SOURCE MATERIAL:

== Segment start ==

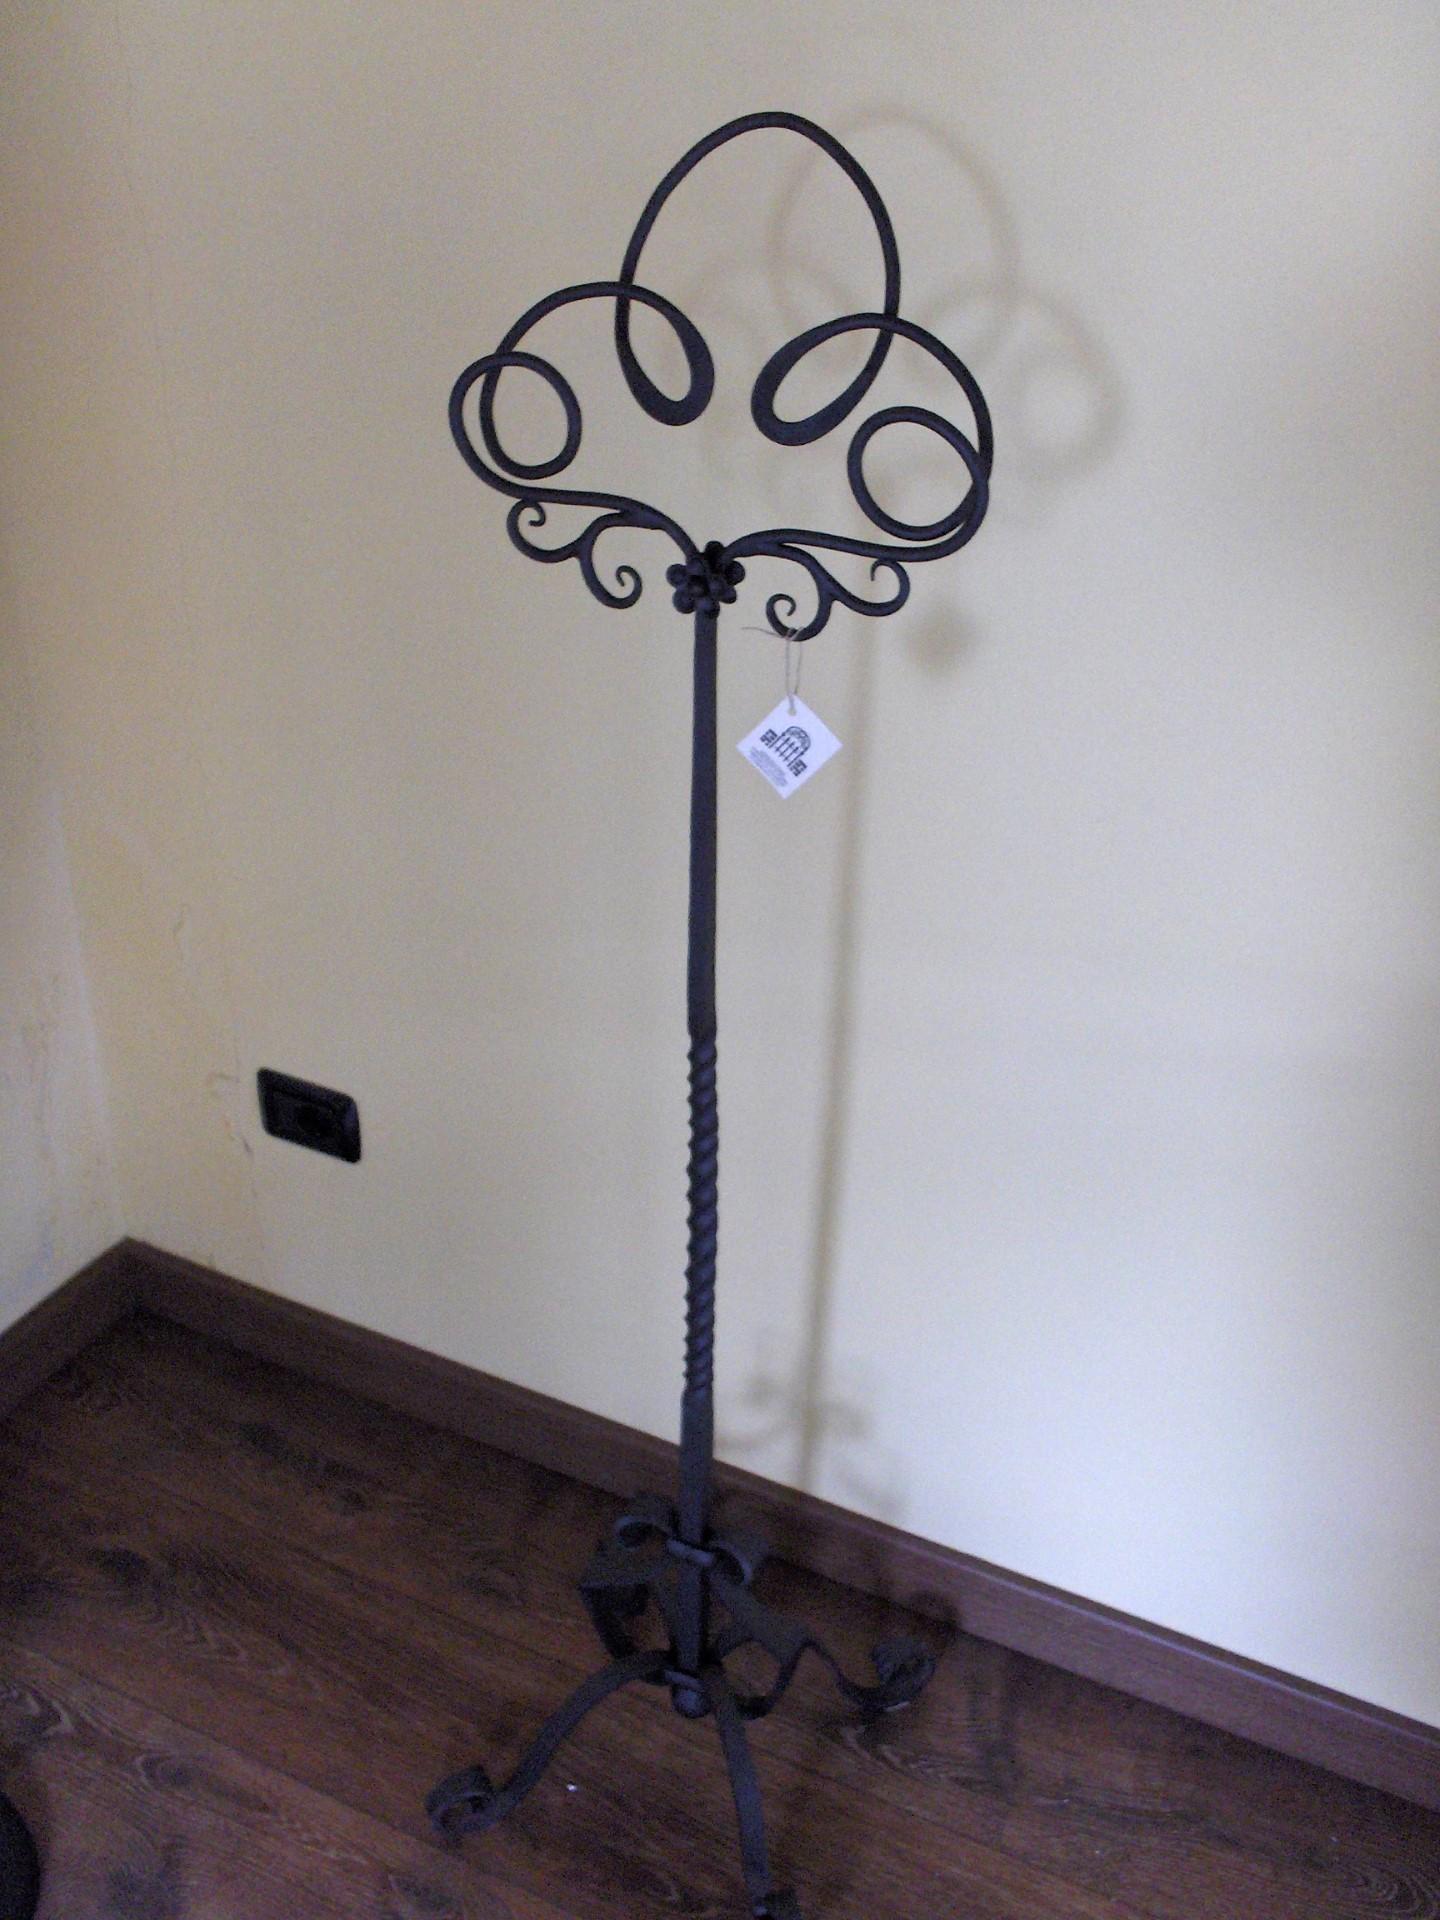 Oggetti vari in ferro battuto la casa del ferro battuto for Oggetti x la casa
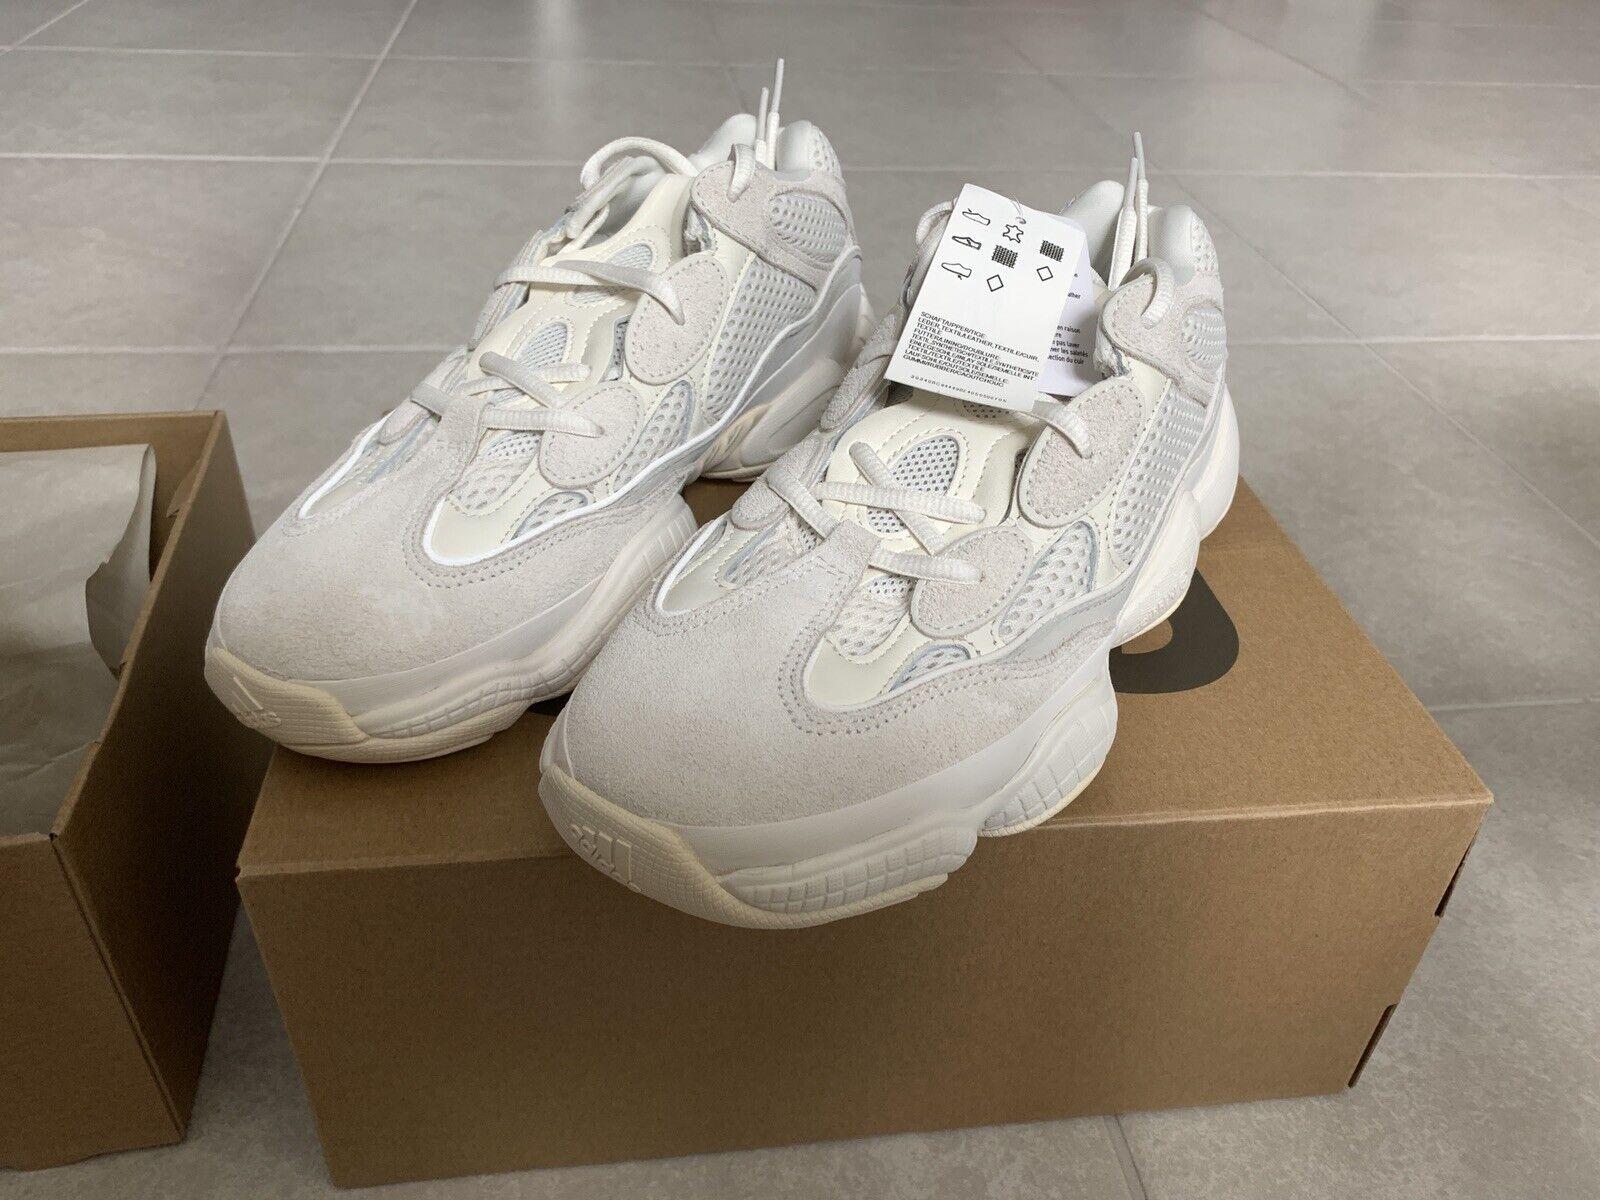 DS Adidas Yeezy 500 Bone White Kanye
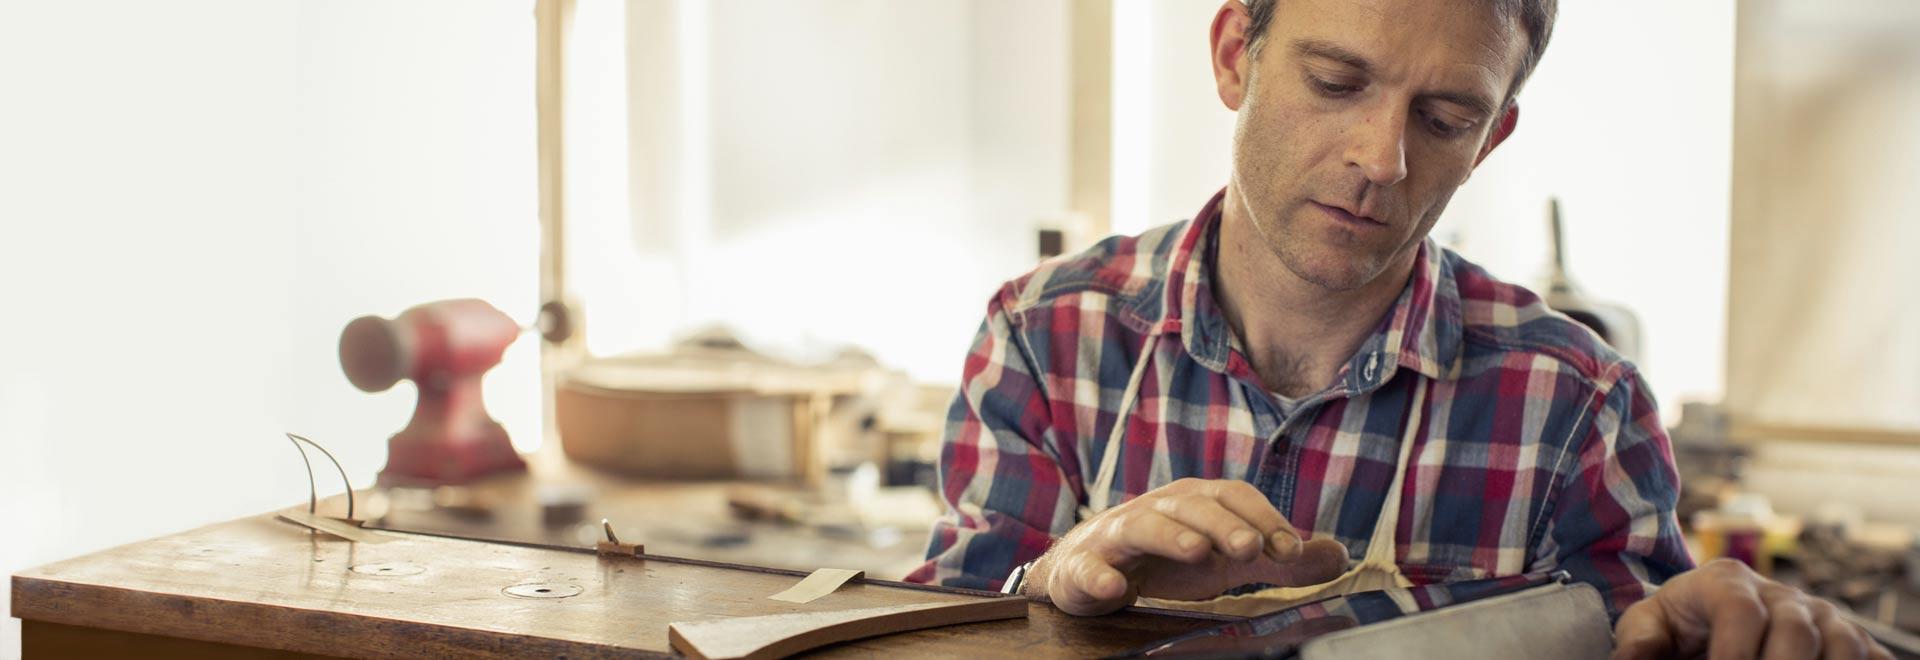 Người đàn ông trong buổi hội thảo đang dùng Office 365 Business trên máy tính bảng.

== Segment end ==

WHAT THE TASK REQUIRES: Could you set down the data exactly as given, minus its pictures?

FINAL ANSWER:
 Oggetti vari in ferro battuto la casa del ferro battuto for Oggetti x la casa
 DS Adidas Yeezy 500 Bone White Kanye
 Người đàn ông trong buổi hội thảo đang dùng Office 365 Business trên máy tính bảng.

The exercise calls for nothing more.